Ende 2019 laufen die aktuellen Regelungen über die Bund-Länder-Finanzbeziehungen aus. Entgegen der Bezeichnung betreffen diese Bestimmungen aber auch massiv die Kommunen. Das ist in der aktuellen Diskussion indes (noch) unterbelichtet.
- Der Deutsche Städte- und Gemeindebund zu den Vorschlägen der Länder
Unser Bundesverband, der Deutsche Städte- und Gemeindebund (DStGB) berichtet über die Neuregelungsvorschläge und bewertet sie wie folgt:
Die 16 Bundesländer haben sich nun auf ein Reformmodell geeinigt. Danach soll der bisherige Länderfinanzausgleich zwischen „reichen“ und „armen“ Ländern abgeschafft und im Wesentlichen durch eine neue Umsatzsteuerverteilung ersetzt werden. Die 16 Regierungschefs und Regierungschefinnen der Länder fordern vom Bund ab dem Jahr 2020 jährlich knapp 9,7 Milliarden Euro, um das beschlossene neue Modell umsetzen und finanzieren zu können.

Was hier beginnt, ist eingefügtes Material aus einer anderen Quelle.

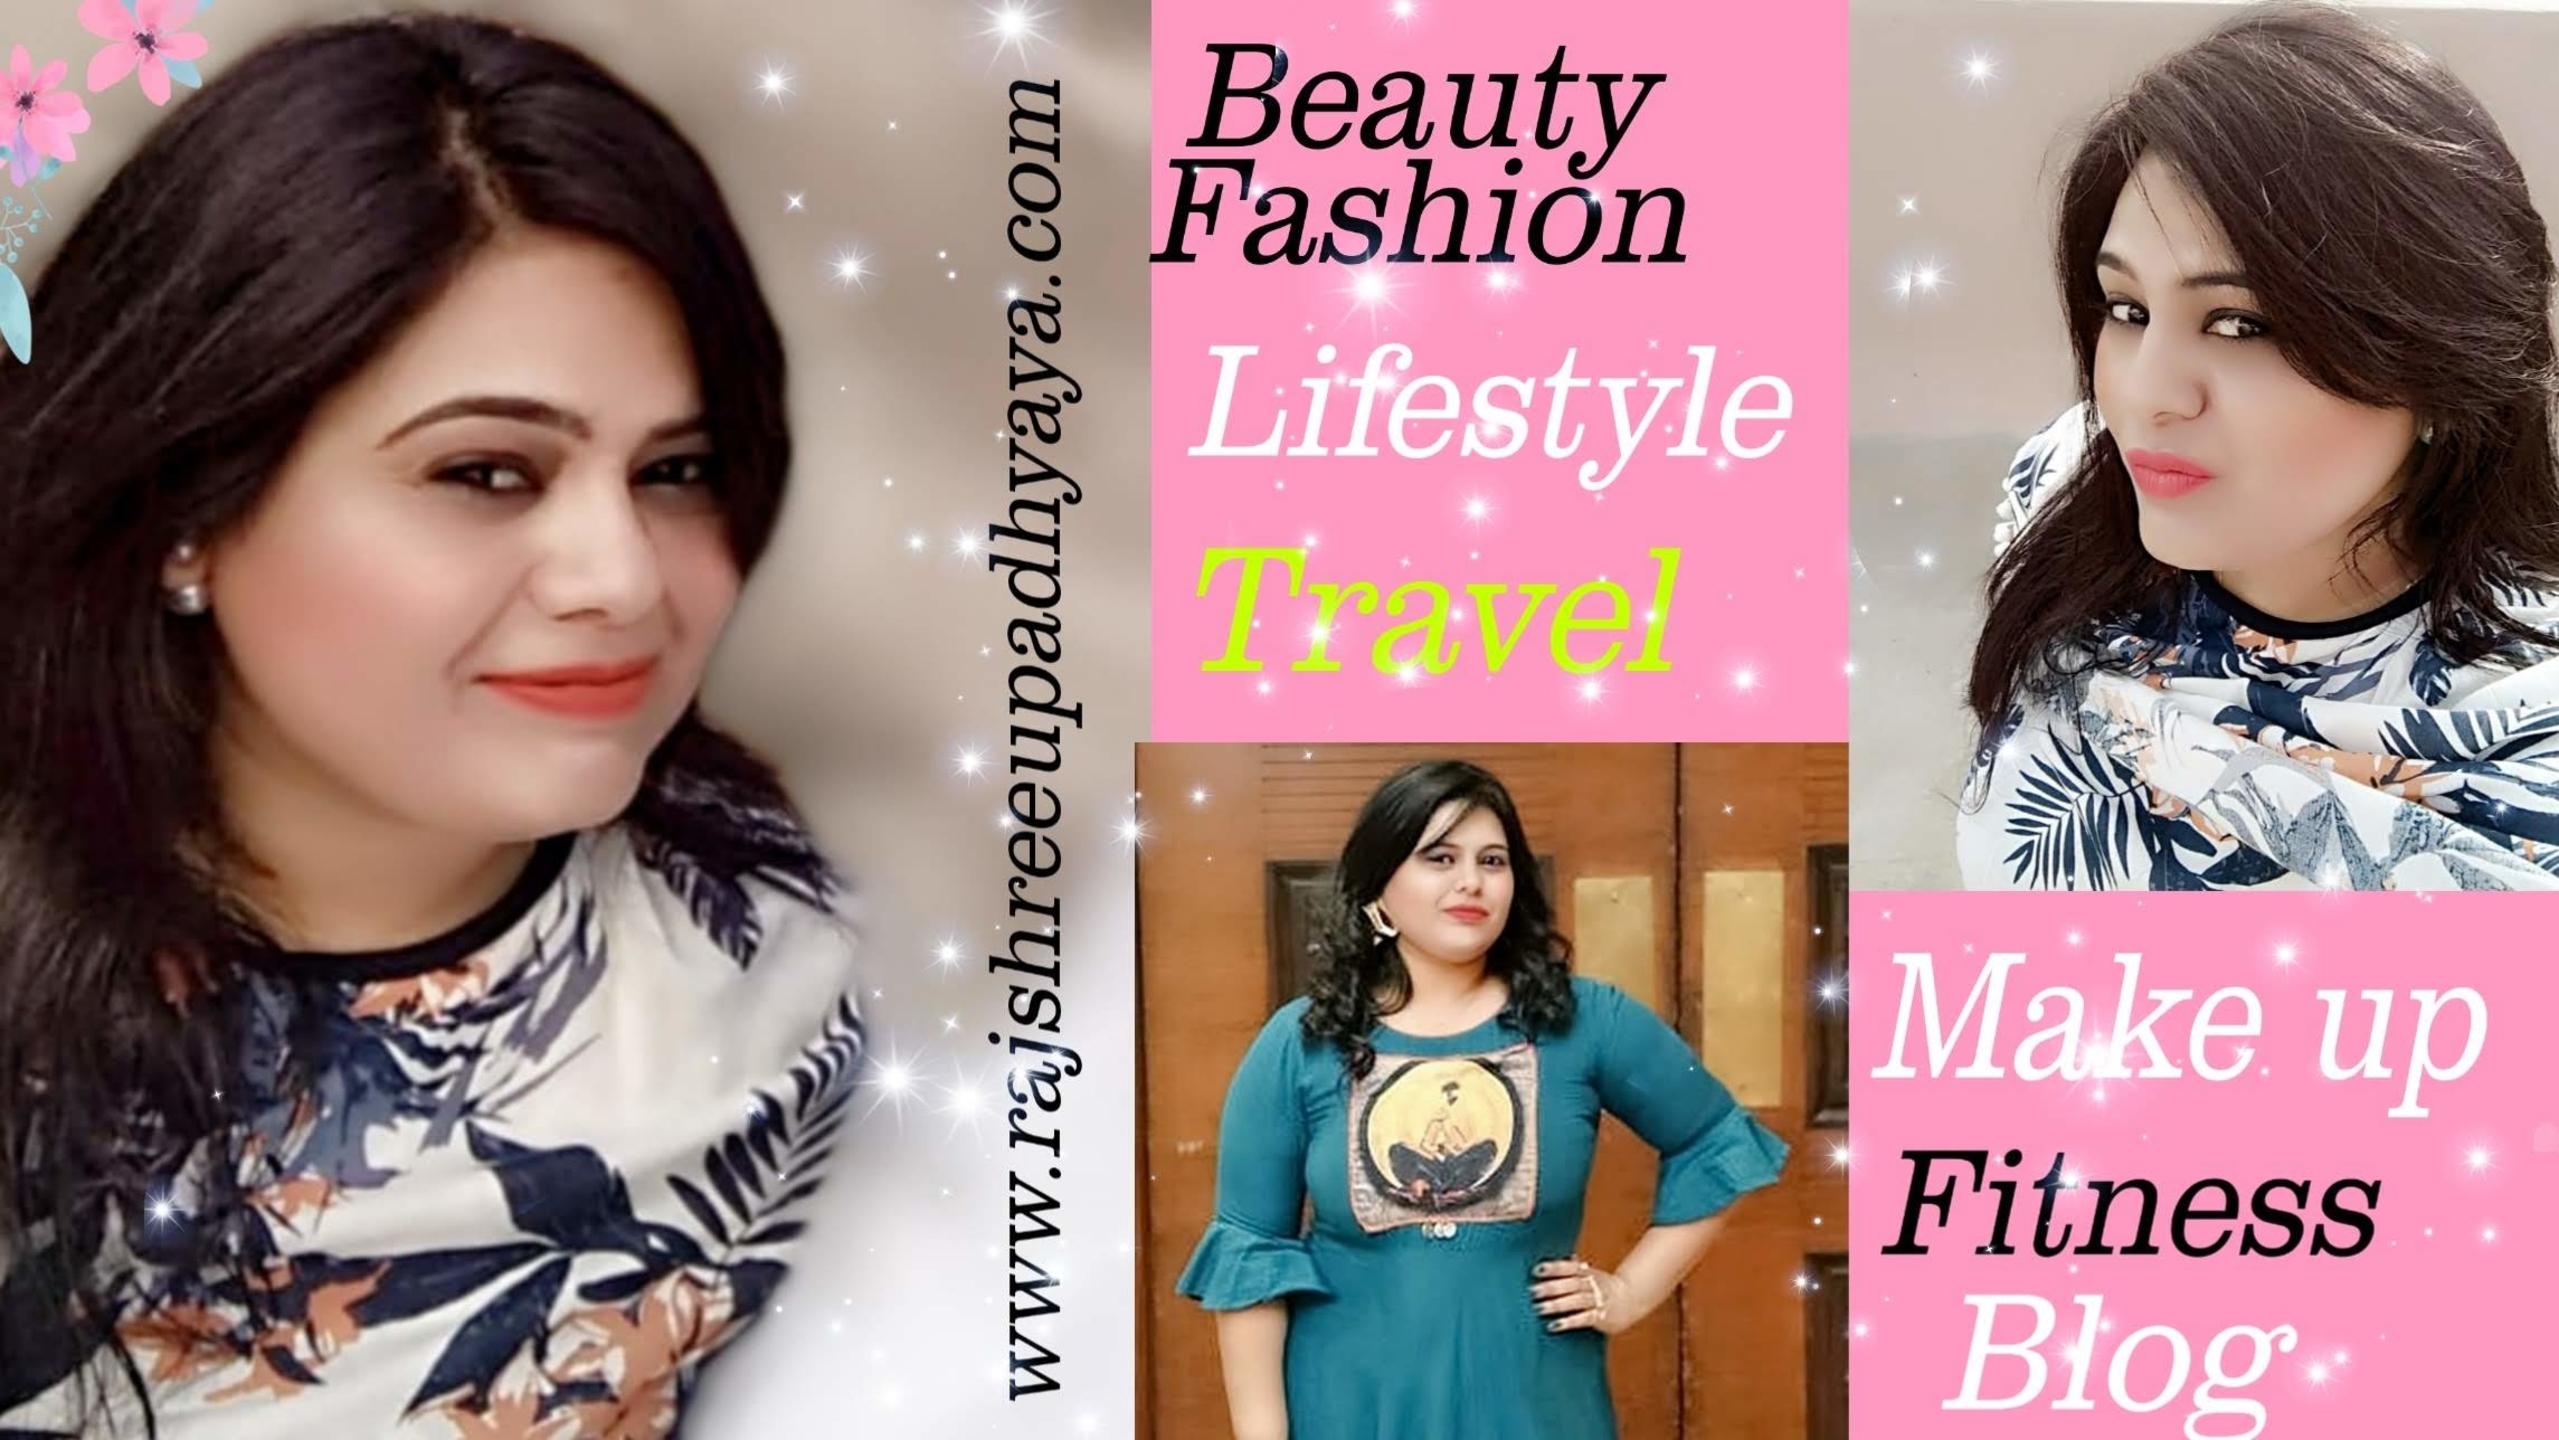 Rajshree Upadhyaya - A Day In Bloggers Life

Der Deutsche Städte- und Gemeindebund (DStGB) begrüßt, dass die Länder nun eine Einigung erzielt haben und fordert, diese Chance zu ergreifen und die wichtige Reform der föderalen Finanzbeziehungen zu einem Erfolg zu führen und umzusetzen. Diese bietet die Grundlage dafür, die großen Zukunftsherausforderungen unseres Landes anzugehen und zu meistern. Der Bund ist gefordert, das neue Modell finanziell auszustatten, zuletzt hatte er bereits 8,5 Milliarden Euro dafür angeboten. Dies ist wichtig, um gleichwertige Lebensverhältnisse überall im Land zu wahren, Zukunftsinvestitionen angehen zu können und die Migration zu einem Erfolg für unser Land zu machen.

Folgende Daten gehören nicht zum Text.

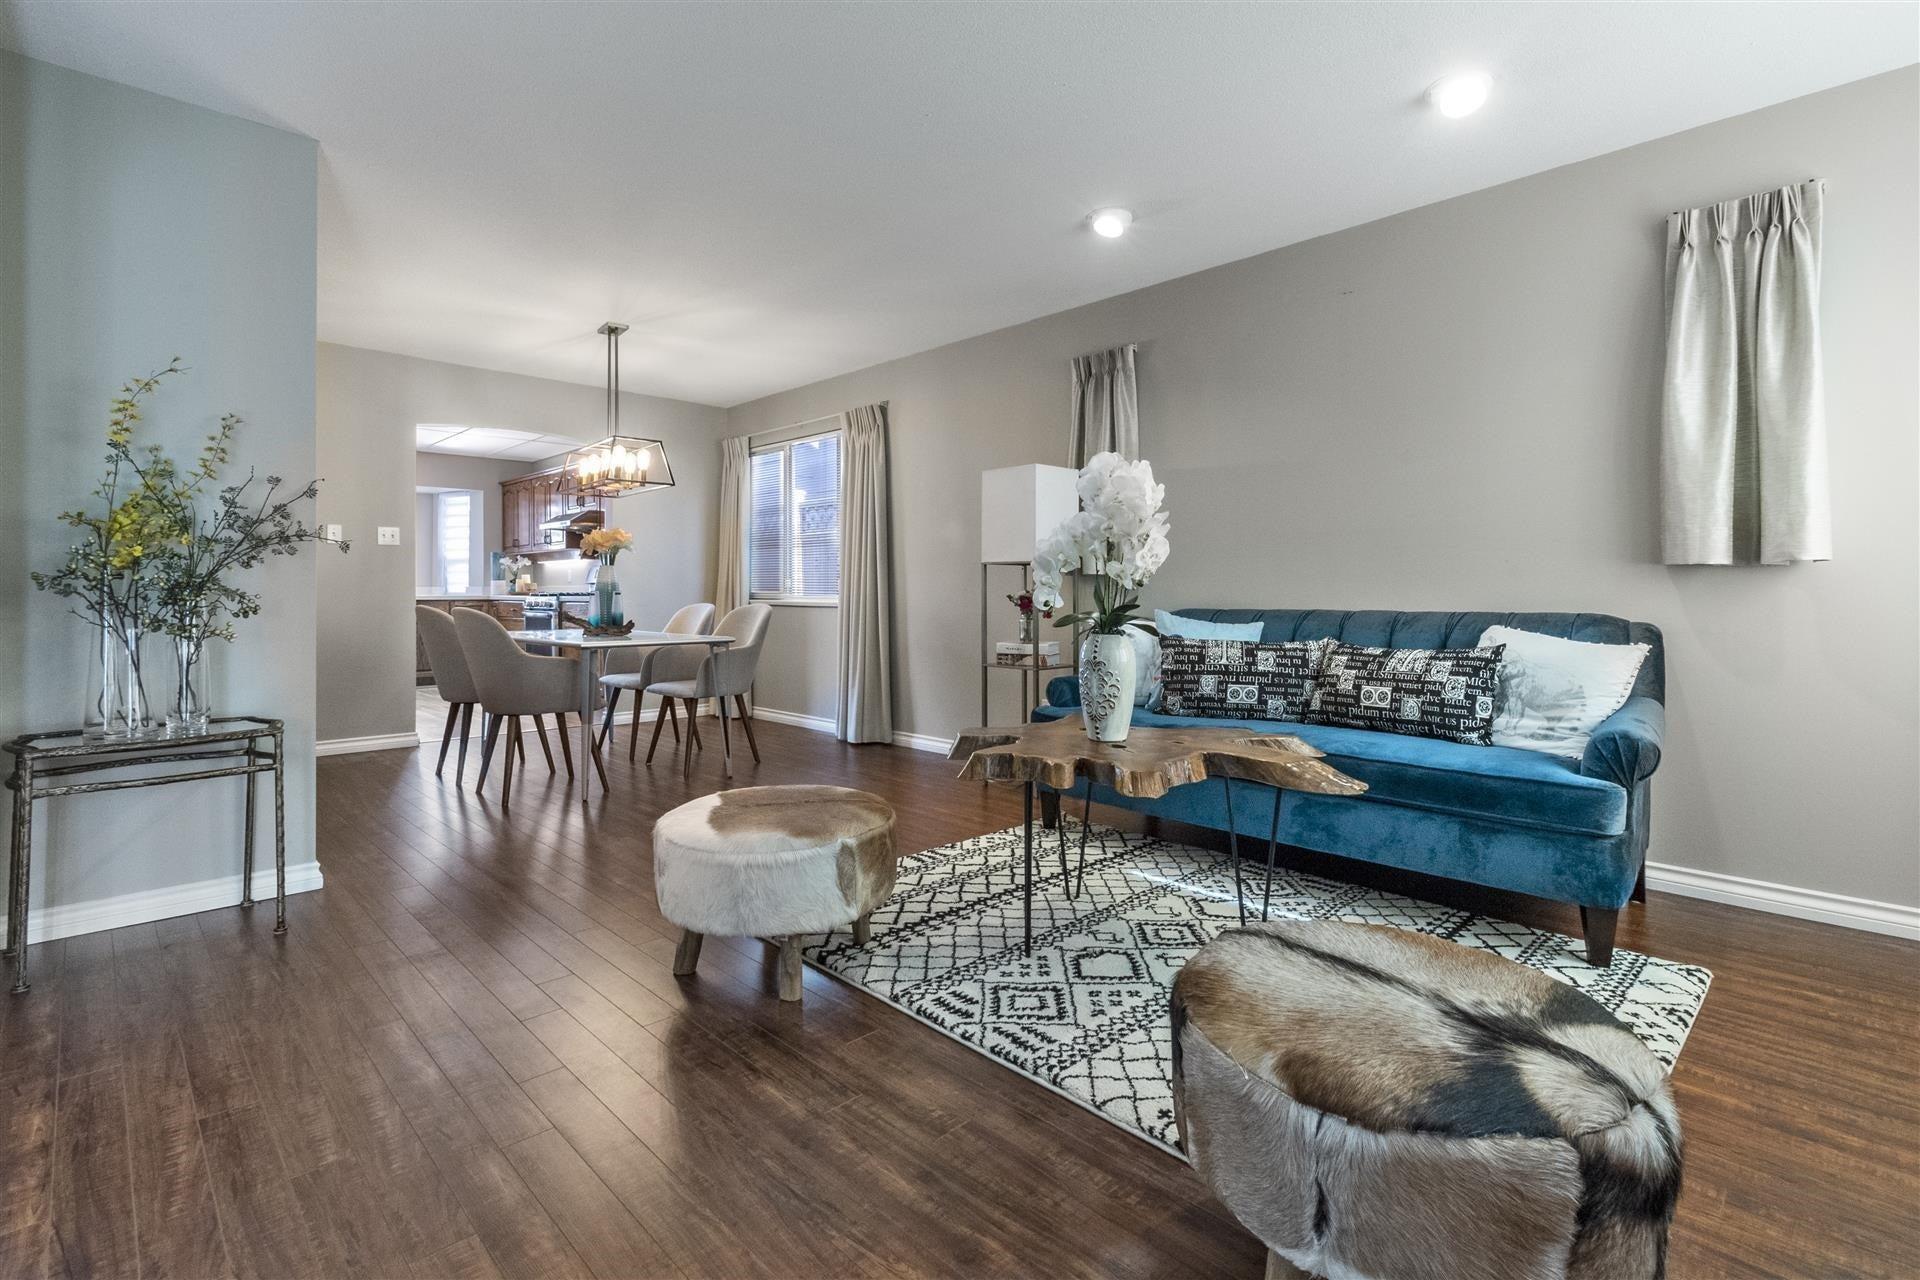 3631 GEORGIA STREET - Steveston Village House/Single Family for sale, 3 Bedrooms (R2623894) - #3

Mehreinnahmen der Länder im neuen Finanzausgleich müssen diese nicht zuletzt dazu einsetzen, um zu einer nachhaltig aufgabengerechten Finanzausstattung der Kommunen zu kommen. Dafür ist nun eine besondere Chance eröffnet. Die Stärkung der kommunalen Finanz- und Investitionskraft wird entscheidende Impulse für den Erfolg und die Zukunftsfähigkeit Deutschlands bringen. Darüber hinaus muss der Bund seine Zusage umsetzen, die Kommunen um 5 Milliarden Euro jährlich zu entlasten. Auf der Agenda muss zudem bleiben, dass die Gewerbesteuerumlage wieder abgesenkt wird.

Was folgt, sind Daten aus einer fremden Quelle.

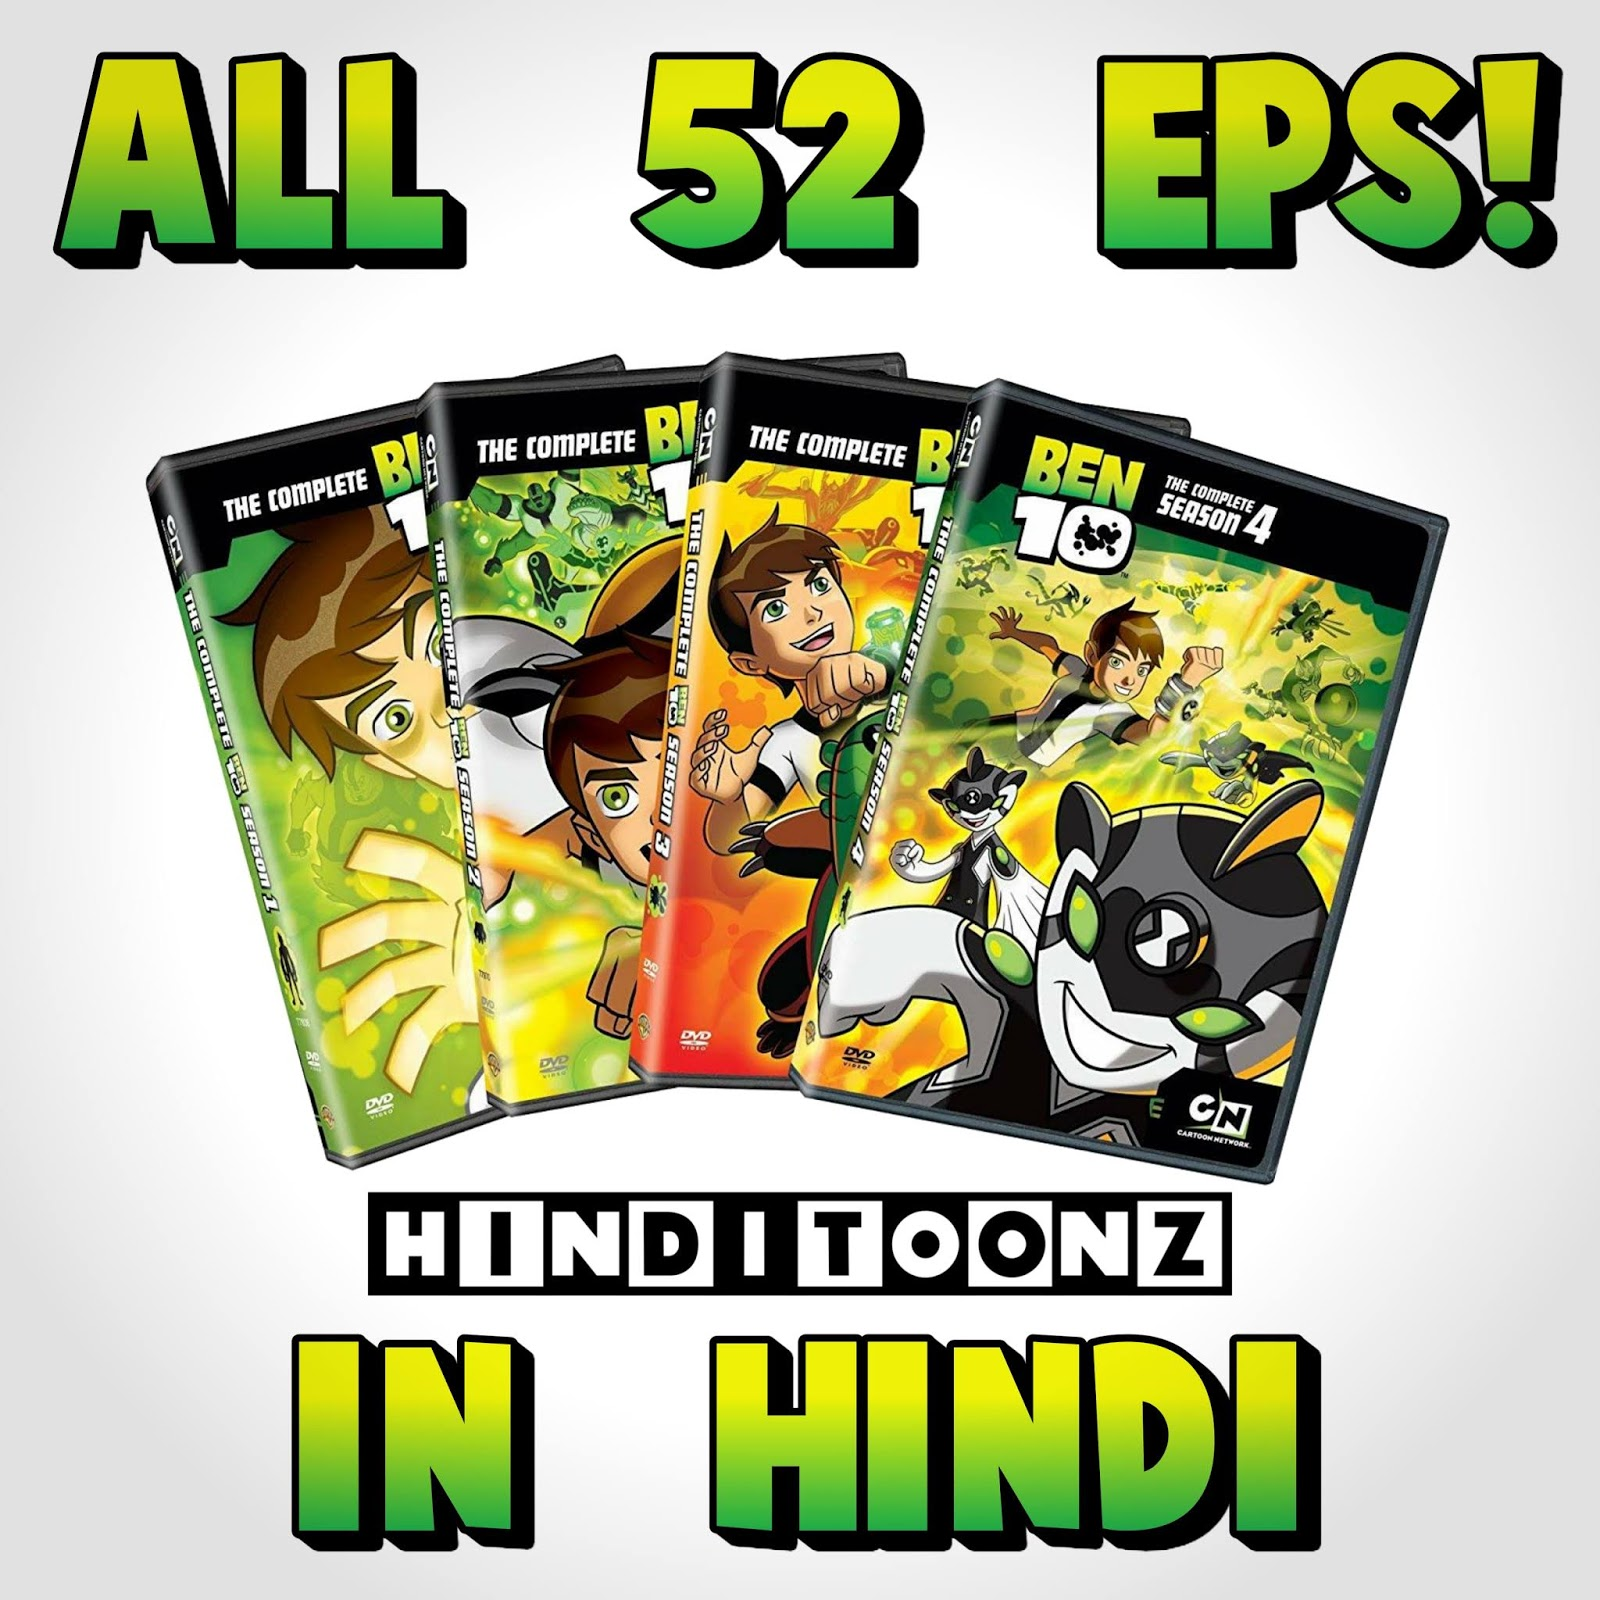 Ben 10 (Ben 10 Classic – 2005) Hindi Dubbed Episodes Download

Die Kommunen begrüßen, dass auch in dem gemeinsamen Reformmodell der Länder die sogenannten Entflechtungsmittel erhalten bleiben. Diese Mittel, zuletzt rund 2,6 Milliarden Euro jährlich, werden für den kommunalen Wohnungsbau, den Nahverkehr sowie Hochschulen ausgegeben. Dies sind wichtige Zukunftsaufgaben.
Die fünf zur Konsolidierung verpflichteten Länder Berlin, Bremen, Saarland, Sachsen-Anhalt und Schleswig-Holstein sollen nach dem heute beschlossenen Modell bereits ab 2016 die Möglichkeit bekommen, bei Verlängerung von Krediten Gemeinschaftsanleihen mit den Bund vorzunehmen. Das führt zu Zinsersparnissen. Wichtig ist, den höchst verschuldeten Gebietskörperschaften eine Lösung des Altschuldenproblems solidarisch zu ermöglichen. Nicht nur den Ländern, sondern auch den Kommunen muss die Möglichkeit eröffnet werden, im Rahmen von Gemeinschaftsanleihen von der besten Bonität und damit verbundenen Finanzierungskonditionen des Bundes profitieren zu können.
Das bisherige mehrstufige System des Finanzausgleichs inklusive des sogenannten Umsatzsteuervorwegausgleichs soll über ein einstufiges Mehrwertsteuerverteilsystem ersetzt werden. Für die Verteilung der Umsatzsteuerverteilung soll die kommunale Finanzkraft zukünftig mit 75 Prozent gewichtet werden, anstatt mit 64 Prozent wie bislang. Zum Ausgleich von Finanzkraftunterschieden auf Gemeindeebene sollen insgesamt 1,54 Milliarden Euro bereitgestellt werden. Diese kämen vor allem den ostdeutschen Ländern zu Gute. Unter dem Strich werden in dem Reformmodel jedoch alle Länder finanziell besser dastehen, als zuvor. Dabei sollen die bisherigen Geberländer um etwa 2,5 Milliarden Euro im Jahr entlastet werden.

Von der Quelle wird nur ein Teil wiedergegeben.